– Все равно, сними. Мало ли кто на нас доложит.
– Кто доложит? – Хамелеон вскочил, вытащив раскладной нож, и обратился к перепуганному персоналу. – Вот эти, что ли? Я вам доложу. Сразу все поляжете, слышите меня?!
Ассистенты, бледные как полотна, активно закивали. С Хамелеоном давно никто не связывался. Все и так знают, что он в самом прямом смысле контуженный, а от того со знатным приветом. У него то нормально все с головой, а то его воспоминаниями о горячих точках накрывает, и тогда хреново не только ему, но и всем, кто его окружает. Бывших спецназовцев определенно не бывает.
– Угомонись, – тихо сказал отец. Хамелеон недобро на него глянул, но вернулся к своему занятию – метанию уже ножей в политическую физиономию. – Гер, ладно тебе страдать, ты сам сколько? Метр восемьдесят?
– Откуда, скажи мне на милость? – вздохнул модельер, поправив на Элайзе какую-то мелкую деталь.
– А сколько?
– Метр семьдесят пять от силы, и то сутулый. Я, по-твоему, к чему каблуки ношу постоянно?
Я только в этот момент обратил внимание на то, что Мэтр действительно в каком бы состоянии ни был, но был в ботинках на высоком толстом каблуке. Может, мы своим присутствием комплексы у него усугубляем. Но он сам виноват, набрал нас со всей Империи самых длинных.
– Карлик.
– Да пошел ты, – отмахнулся Мэтр от Клемэнта. – Тоже мне, транснебрарумская магистраль нашлась.
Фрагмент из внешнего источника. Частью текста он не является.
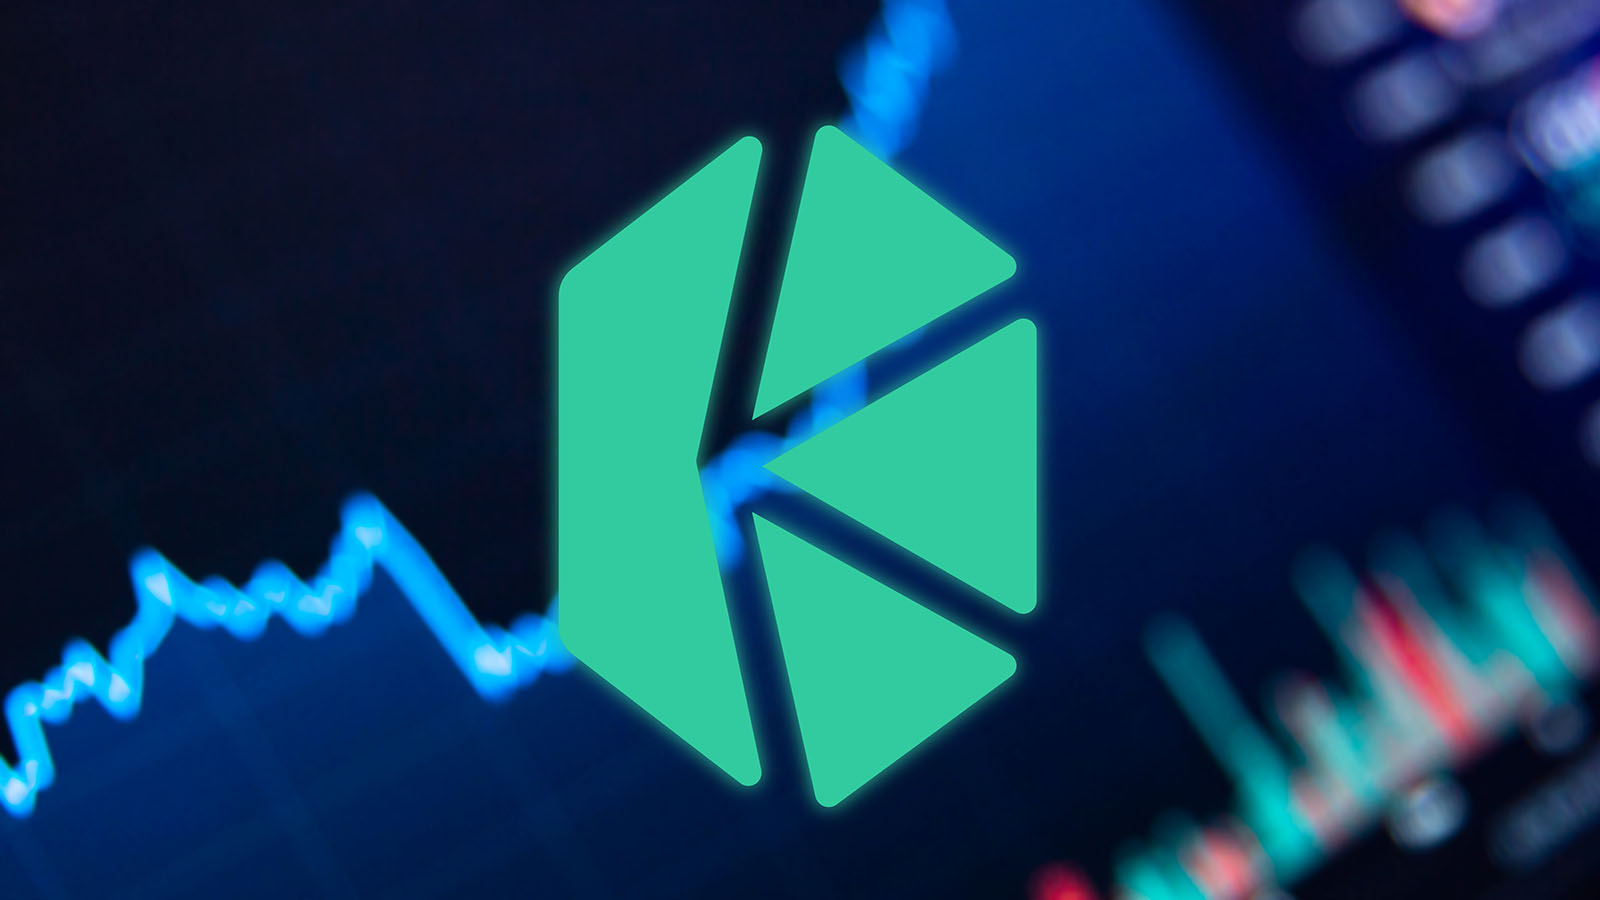 A digital rendering of the Kyber Network (KNC) crypto representing Kyber Network Price Predictions.
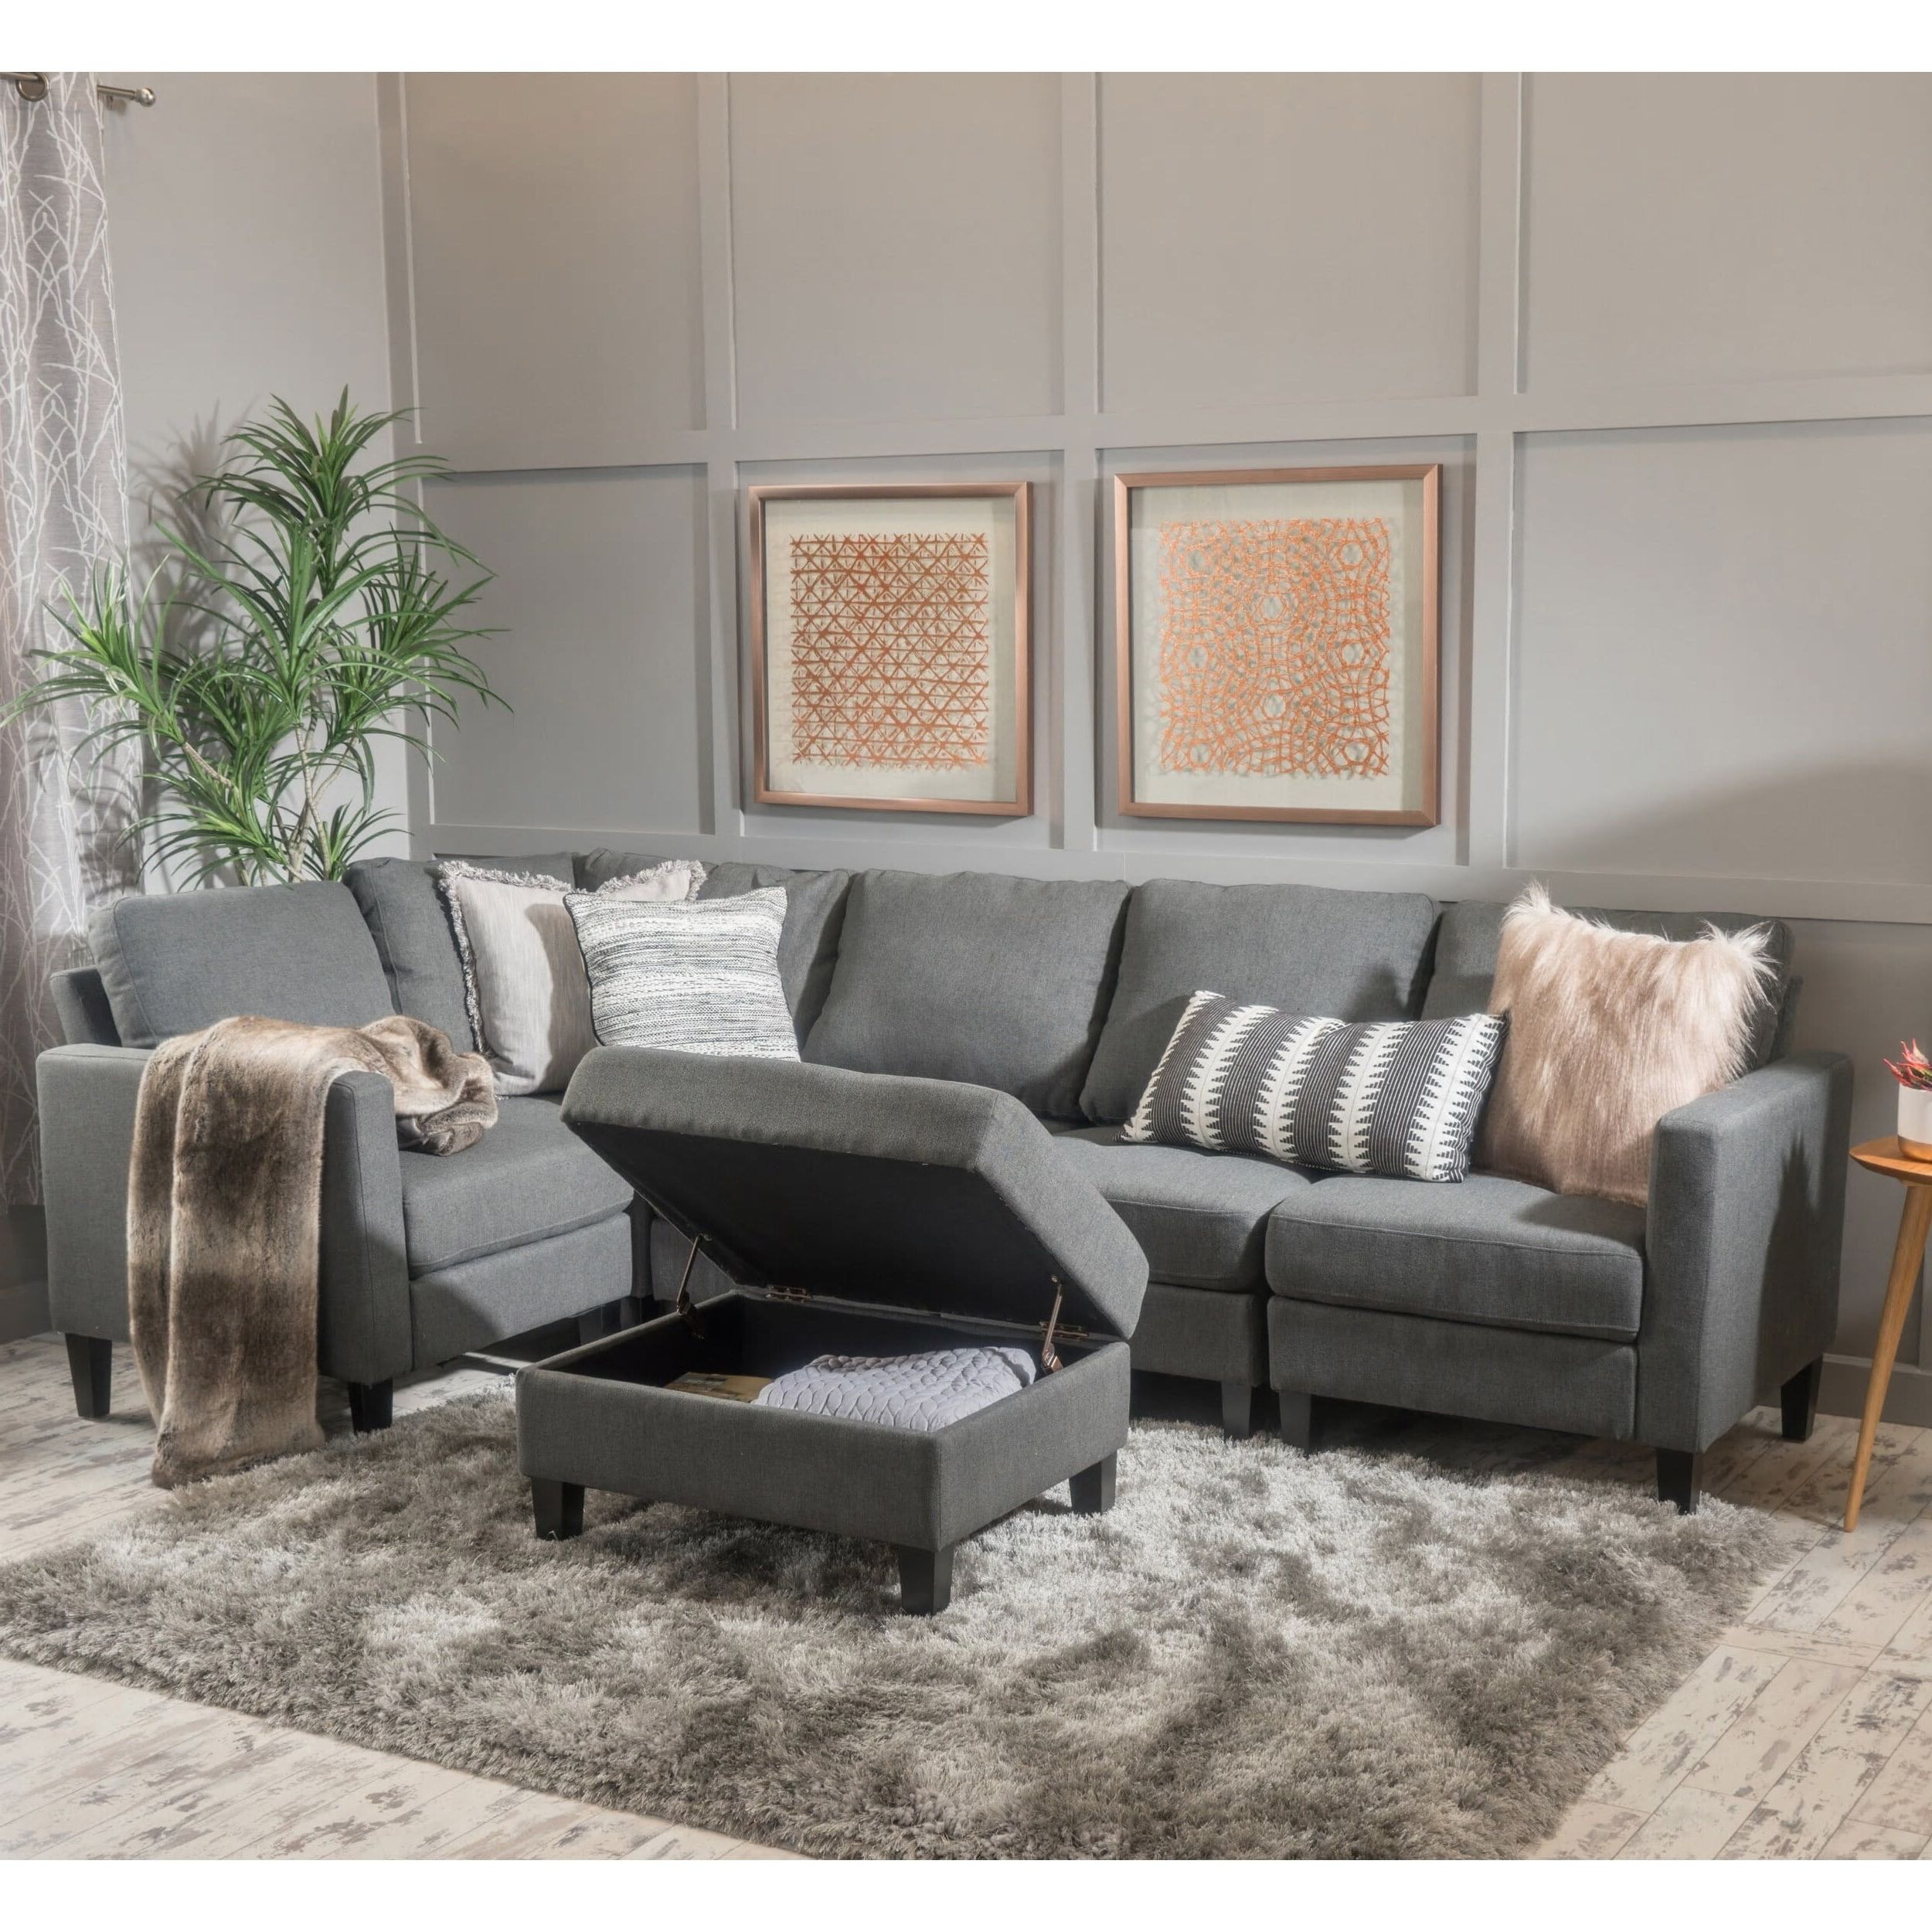 Christopher Knight Home Zahra 6 Piece Sofa Sectional With Storage With Sofas With Ottomans (View 5 of 20)

– Может, продолжим? – вдохнул отец, разве что глаза не закатывая на всю эту комедию.
– Да, конечно, – обреченно вздохнув, кивнул Бессердечный.
Я с наслаждением наблюдал за другом, совершенно преобразившимся в кадре. Холодное высокомерие Искусства в авторском золотом одеянии делало всего в черном Бессердечного у его ног бледной тенью. Так и должно быть. Это, черт возьми, идеально.
Бессердечный, при всей его болезненной безобразности, безумно фотогеничен. Как и Элайз. Эта парочка так дополнила друг друга, что снимки сами стали произведением искусства еще даже без обработки. Такая химия между ними творилась. Оллфорду впору начать ревновать. Это вам не какой-то псевдосекс в прямом эфире.
Бессердечный и лежал в ногах Элайза, и так красиво выражал на лице страдание (он же, в конце концов, мастер страдания), когда наше рыжее Искусство над ним издевалось – душило, било, покидало, как вдохновение. Эта холодность и властность моему другу безумно идет. Но я все никак не мог отделаться от мысли, что вижу не друга, а Елисея. Да, у того половина волос белая и нет ни единого намека на веснушки, но само выражение лица… Меня передернуло, и я предпочел откинуть от себя эту мысль. В конце концов Елисей – Император, а Элайз – это Элайз, мой Песочек.
– Гер, ты чего так долго свои актерские таланты скрывал? – спросил отец, просматривая полученные кадры.